Thanks a lot, jann! Fortunately no longer needed!


----------



## Loob

Dmitry_86 said:


> Great! I have done it! The problem is solved! I can see everything again! Great!


What did you do, Dmitry?  Just in case it helps others.


----------



## Dmitry_86

Loob said:


> What did you do, Dmitry?  Just in case it helps others.



Actually nothing! I just closed the browser, as recommended by jann, and without clearing the cache or deleting any cookies I just started the browser again. By the way I forgot to say that aside from the Internet Explorer I also use the Mozilla Firefox. Thanks God, they both show the information required.

Best


----------



## Parla

jann said:


> Please log out of the forums, clear the cache in your web browser, and delete your WordReference forum cookies.  Then close your browser and restart it. Log back into the forums and see if this has solved the problem...



Jann, I'm having exactly the same problem Dmitry had. It started yesterday, *not* today following the work on the forums (so no connection there).  I'm using Firefox, and I did what you advised Dmitry to do: logged out, cleared the cache, killed the WordRef cookies, closed the browser, opened it again, came back to WordRef, logged back in, and--no change, problem still there: 

In the band at the top of each message, username appears at the left, and where native language, location, and number of messages posted used to appear at the right--blank space.

Weird, no? What further advice do you have?


----------



## Parla

Postscript to my last message: I tried shutting the computer down entirely, then coming back. No help!

I really think there must be some sort of forum problem, if more than one of us have experienced this in the past 24 hours. 

Any other ideas? Anybody?


----------



## Forero

I have tracked down the problem to this—

Before the upgrade: <div class="smallfont">

After the upgrade: <div class="smallfont" style="max-width:300px; overflow:hidden">

Do we need to get new browsers? I am using Firefox on Windows 98: "Mozilla/5.0 (Windows; U; Win98; en-GB; rv:1.8.1.12) Gecko/20080201 Firefox/2.0.0.12".


----------



## Loob

Forero said:


> I have tracked down the problem to this—
> 
> Before the upgrade: <div class="smallfont">
> 
> After the upgrade: <div class="smallfont" style="max-width:300px; overflow:hidden">


Forero, that looks like the change Mike made on Friday: click.


----------



## Parla

Forero said:


> I have tracked down the problem to this—
> 
> Before the upgrade: <div class="smallfont">
> 
> After the upgrade: <div class="smallfont" style="max-width:300px; overflow:hidden">
> 
> Do we need to get new browsers? I am using Firefox on Windows 98: "Mozilla/5.0 (Windows; U; Win98; en-GB; rv:1.8.1.12) Gecko/20080201 Firefox/2.0.0.12".



You mean YOU have the problem, TOO?

I  don't understand most of what you've said here, but I'm using Firefox 2.0.0.20 on Win98SE.

But see the message about something Mike did on Friday!


----------



## Parla

Loob said:


> Forero, that looks like the change Mike made on Friday: click.



Only three of us have mentioned this, but I'm betting a great number of forum members have been affected!

Please, can it be changed back? I think this is a disservice, albeit unintended, to foreign forum members. (And frustrating to the rest of us.)

Not knowing people's native languages and locations is  really a major interference with giving intelligent replies to queries from ESL people. Knowing respondents' locations also enables us AmE and BrE speakers to note many differences between us, as well as regional variations in both areas, thus explaining things--from spelling and punctuation to differing usages--that would otherwise prove horribly confusing.

BTW: The change noted in the linked message was made about 4 p.m. Friday. Yep, that's about the time the information disappeared!


----------



## Forero

Parla said:


> You mean YOU have the problem, TOO?
> 
> I  don't understand most of what you've said here, but I'm using Firefox 2.0.0.20 on Win98SE.
> 
> But see the message about something Mike did on Friday!

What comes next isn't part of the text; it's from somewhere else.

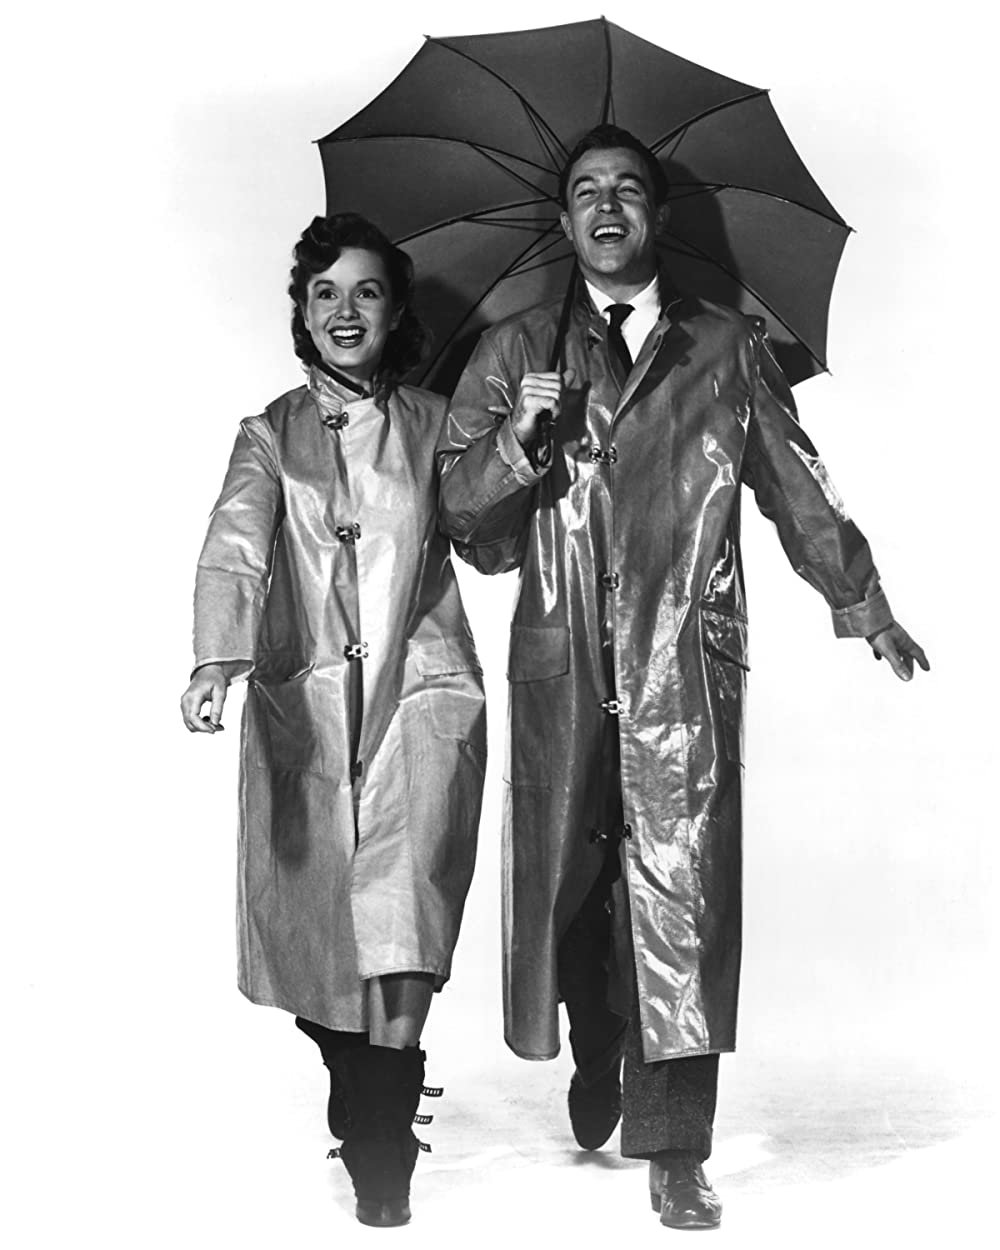 「雨に唄えば」ジーン・ケリー & デビー・レイノルズの画像
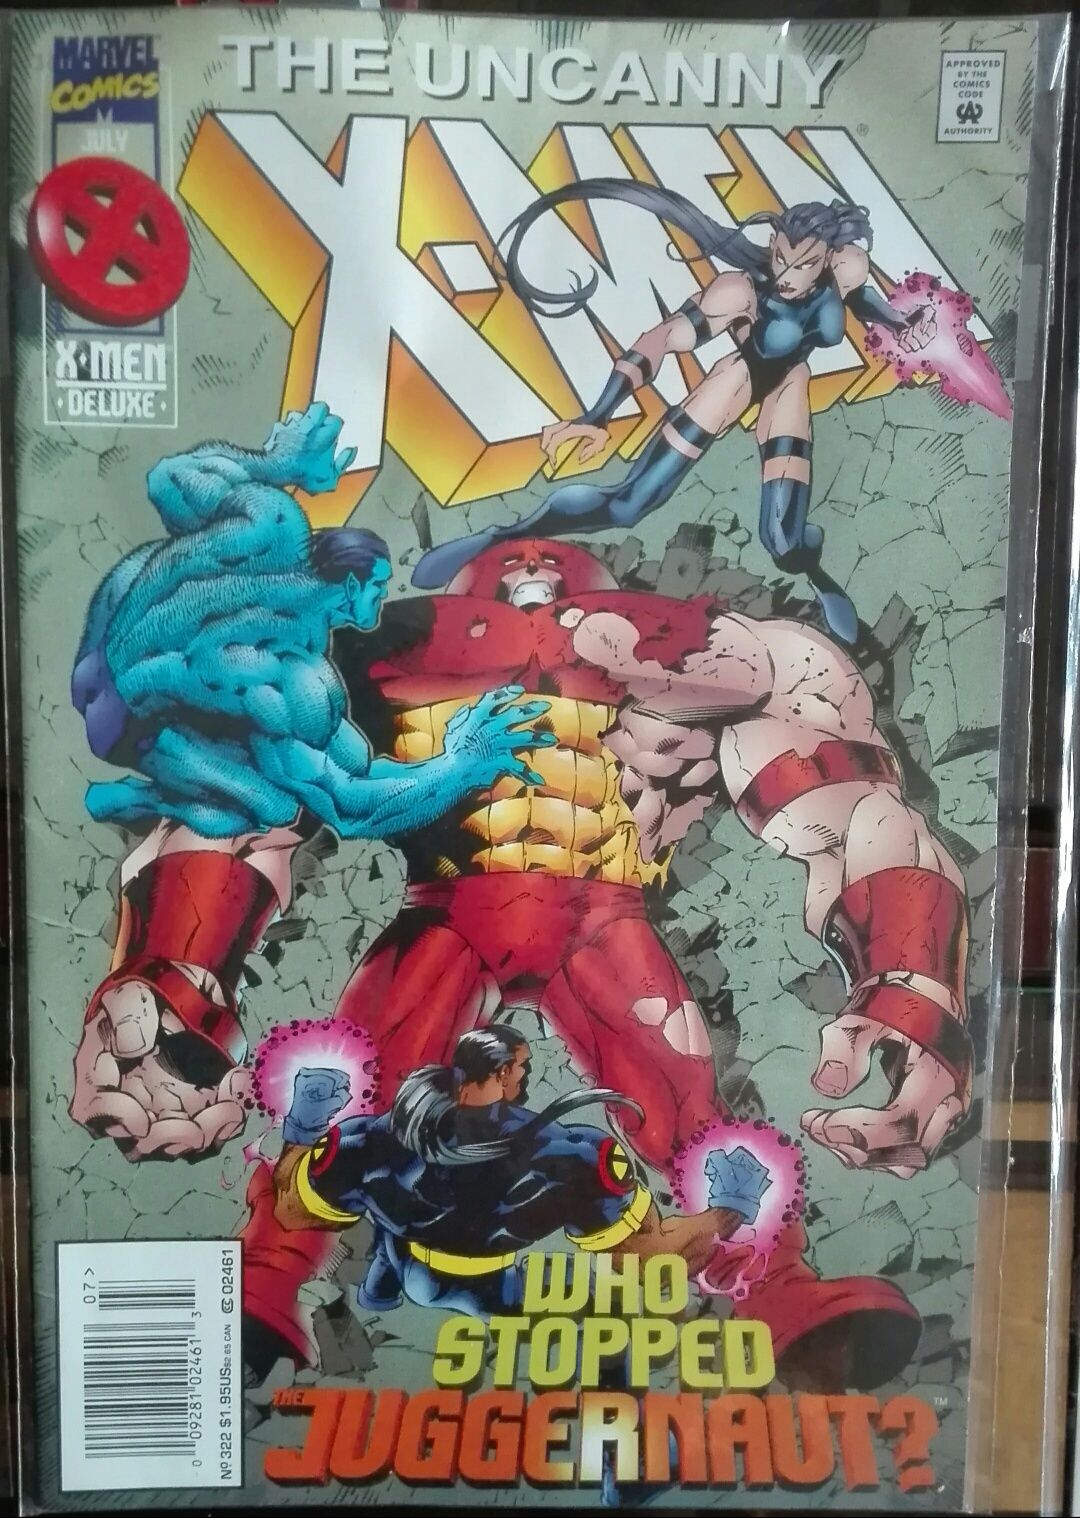 The Astonishing X-men Marvel, 1,2,3,4,5,6

Yes, the problem is not with your computer, or cache, or cookies, ...

People had been complaining about having to scroll right because of information that did not fit, and the culprit was long descriptions for "Native language" and "Location". The solution was to hide the part that would not fit, but unfortunately on our computers "hidden" seems to go a little too far. 

I am not going to start downloading any "fixes" until I get more information.


----------



## doinel

I'm at a loss!
I have the same problem and it's terribly annoying because computer science is not my strong point at all  actually  I don't understand what all of you suggested I should do and computer jargon petrifies me especially in English. I've been using Firefox for some time now which looked easier for me as it took care of all the typos and now I have the same problem. I have tried Safari and it works fine, but I don't want to use Safari again until I change my  aging Mac.
Thank you for your help,
doinel


----------



## Parla

Forero said:


> Yes, the problem is not with your computer, or cache, or cookies.
> 
> People had been complaining about having to scroll right because of information that did not fit, and the culprit was long descriptions for "Native language" and "Location". The solution was to hide the part that would not fit, but unfortunately on our computers "hidden" seems to go a little too far.



OMG! That is a classic example of what we call, in English, "throwing the baby out with the bath water."  

Yes, I had noticed that in a couple of instances people had entered needlessly lengthy (and unnecessary) descriptions of their native tongues. I have never scrolled to the right to follow them. 

Apparently the attempt to correct a *very* *minor* problem, occurring in only a tiny handful of cases, has now created a *major *problem for many forum members. And the solution to the original problem was simply to privately message those individuals and ask them to revise their language descriptions--easy, quick, no inconvenience to anyone else.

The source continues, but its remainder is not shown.